I'm sure you will enjoy Purna, I certainly did many times over yesterday in between skiing with my 8 year old who is now skiing from the top of the hill on single blacks.

Blowing on Clair's too but that was flat so I'm sure you guys will ignore it. Don't overlook 42nd street which has alot of nice lines especially next to the fence skier's right. 

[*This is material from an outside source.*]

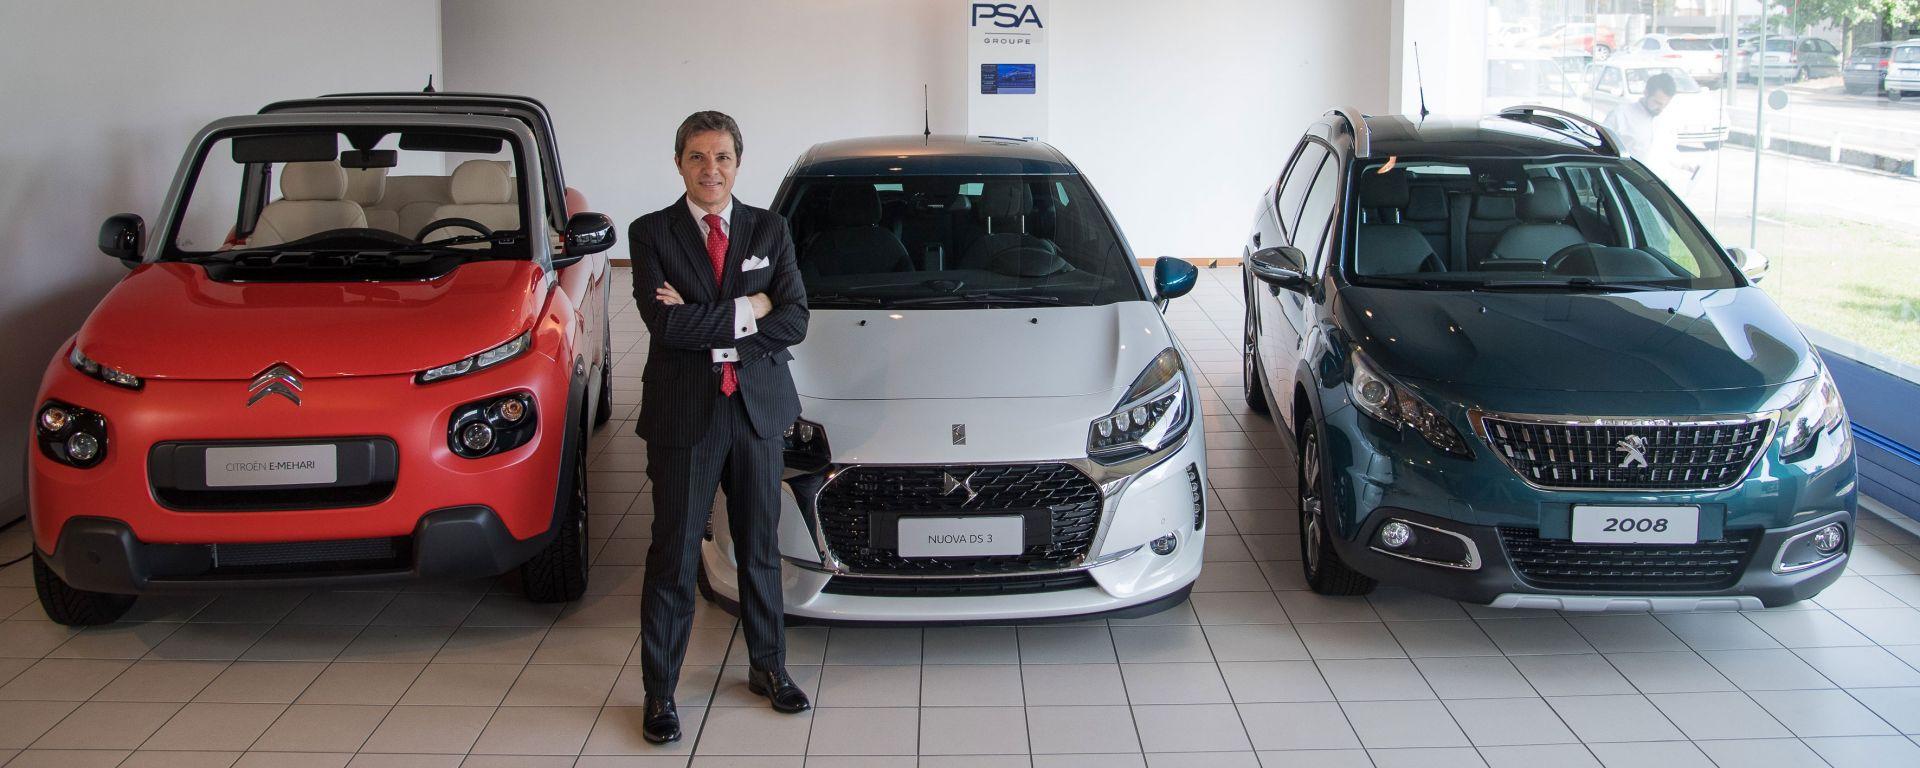 Gruppo PSA: due chiacchiere con Massimo Roserba, Direttore Generale PSA Italia
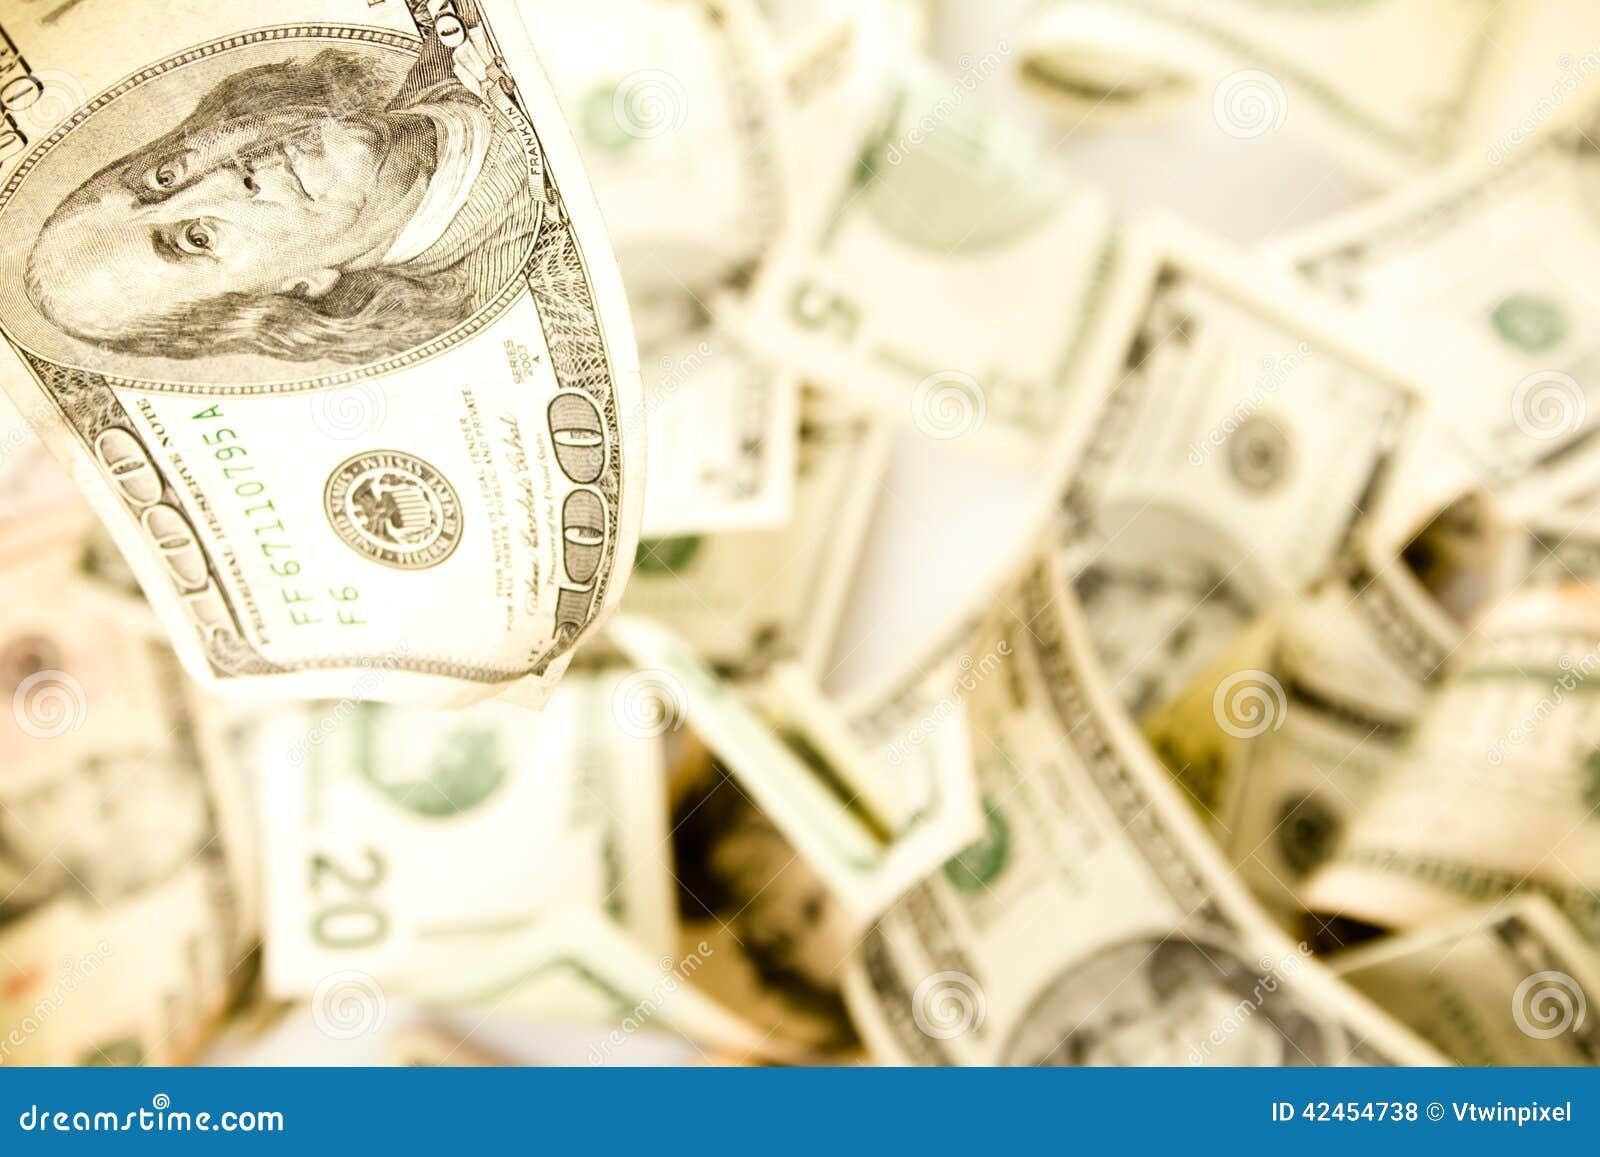 US-Währungsfallen

Looking to get back up there Thurs or Fri this week. Anyone else?


----------



## lerops (Jan 10, 2011)

twinplanx said:


> Oh, I'd hate to pay full price for lift tix so any pointers in that department would be geratley apprecatied as well


Potters Brothers for the discounted tickets. It is in Kingston. They have other ships too, if another one is more convenient for you. Should be on tehir website.


----------



## kingslug (Jan 12, 2011)

JimG. said:


> I was tempted to join you guys today, but I took last Wednesday off to demo and buy new skis so it wasn't in the cards.
> 
> I'm sure you will enjoy Purna, I certainly did many times over yesterday in between skiing with my 8 year old who is now skiing from the top of the hill on single blacks.
> 
> ...




Depending on snow totals I may be there thursday...


----------



## JimG. (Jan 13, 2011)

kingslug said:


> Depending on snow totals I may be there thursday...



Going tomorrow.


----------



## kingslug (Jan 14, 2011)

Hopefully they groom the west side ...it could use it.


----------